I really dislike the "nmemonic" section. If anyone else agrees, please delete it. McKay 14:55, 11 June 2006 (UTC)

I agree. The mnemonic section is laughable. I'm deleting it. Rjmorris 14:44, 18 June 2006 (UTC)

[edit] Relationship to Bezier curves?

The article currently states: The formula for Bézier curves was inspired by the binomial distribution.

Would someone care to source that statement? It seems rather dubious to me, but if it's true it's worthy of a proper explanation and not the vague description of being "inspired by". Certainly the Bernstein polynomials, which constitute the basis functions for Béziers, contain a Binomial coefficient. But binomial coefficients exist all over the place. It doesn't necessarily imply that they have much at all to do with the Binomial distribution.

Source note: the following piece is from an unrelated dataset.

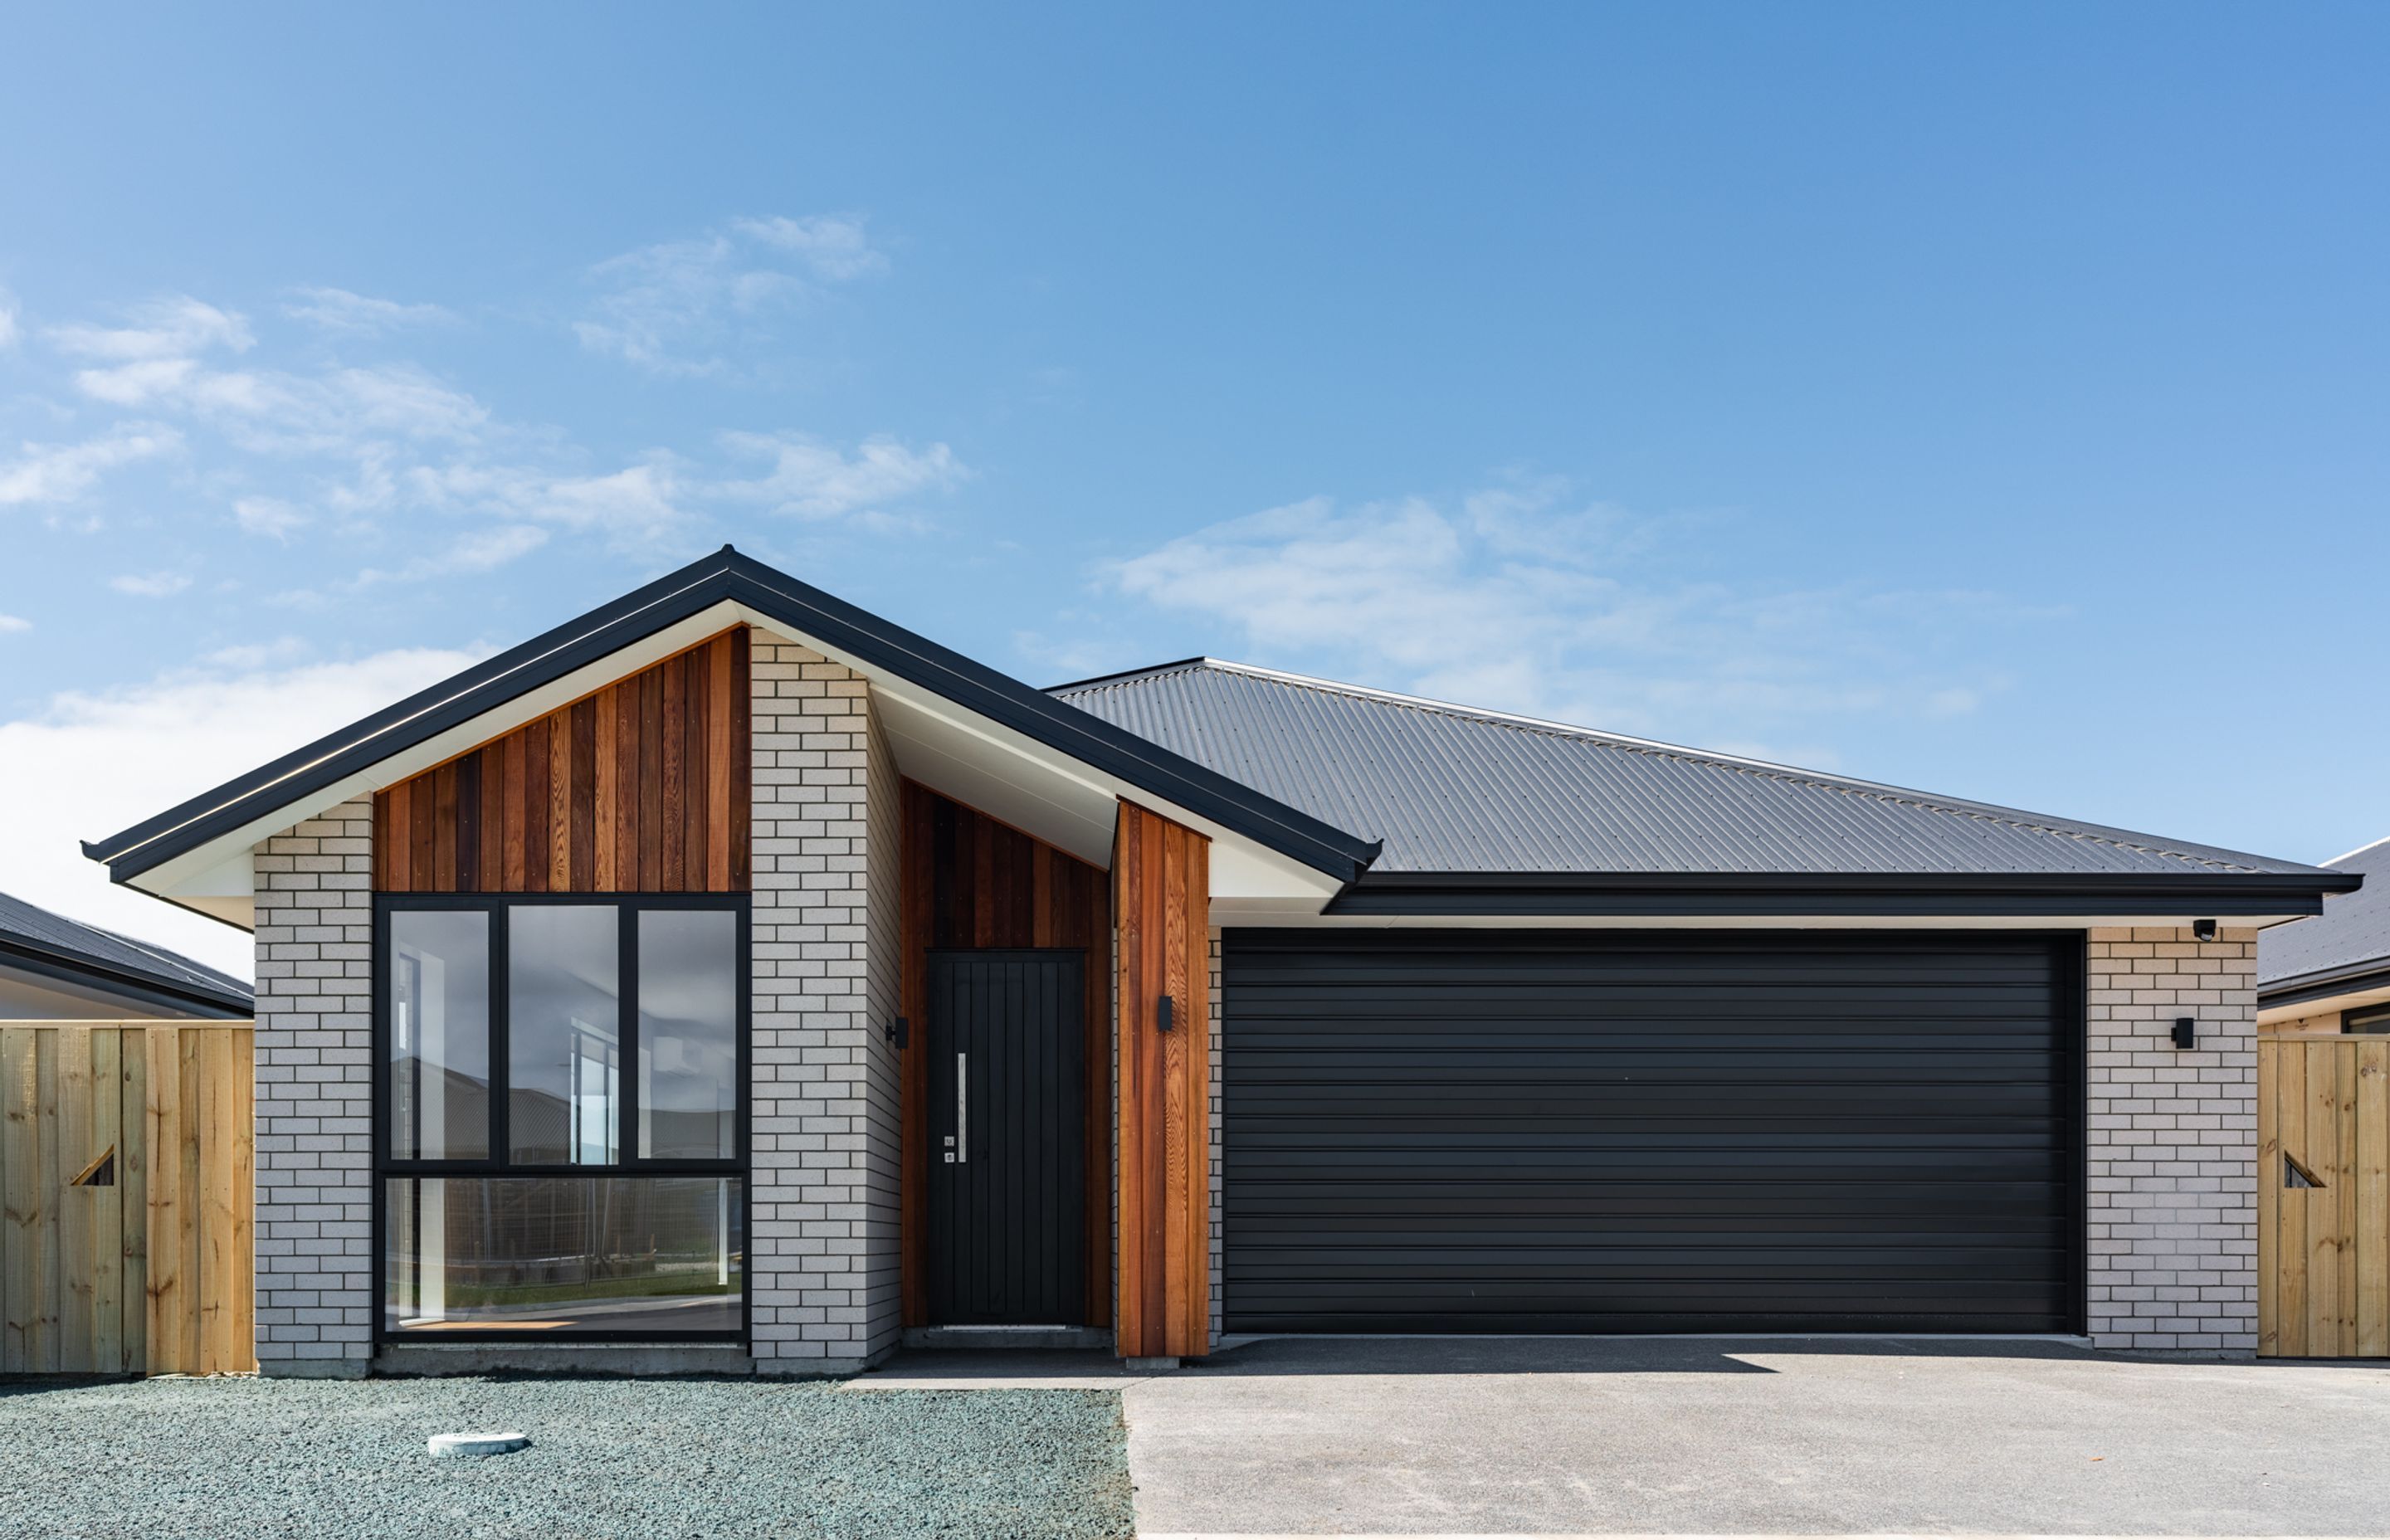 A three bedroom contemporary home built by Bird Built stands proud on a 425m2 section in the Ravenswood subdivision.

From reading about Bézier curves I've always had the impression that the decision to use Bersteins as their parametrization wasn't 'inspired' by anything, but merely chosen from a group of candidates on the merit of their desireable properties. (Being such properties as the fact that curve is guaranteed to be contained within the convex hull of the control points, that reversing the control points does not change the curve, that the tangents at the endpoints consist of the line between the endpoint and the neighboring control point, etc). --130.237.179.166 14:48, 3 September 2006 (UTC)

I'm deleting this since no justification has been offered. Zillions of things are "inspired" by the binomial distribution anyway and I don't see why this one is important enough to single out even if it is true. McKay 04:31, 28 October 2006 (UTC)

[edit] Better Example

I feel like there could be a better example than picking 500 people out of a population "with replacement" and seeing how many were green-eyed. Perhaps a more sensical and applicable example could be: out of 50 web servers, each of which has a 1% chance of failing by the end of the day, how many failed servers do you have at the end of the day?

—The preceding unsigned comment was added by 18.216.0.100 (talk • contribs) .

I agree. The current example suffers from the need to do sampling with replacement, which will seem unnatural to people unaccustomed to sampling theory. --McKay 05:52, 29 November 2006 (UTC)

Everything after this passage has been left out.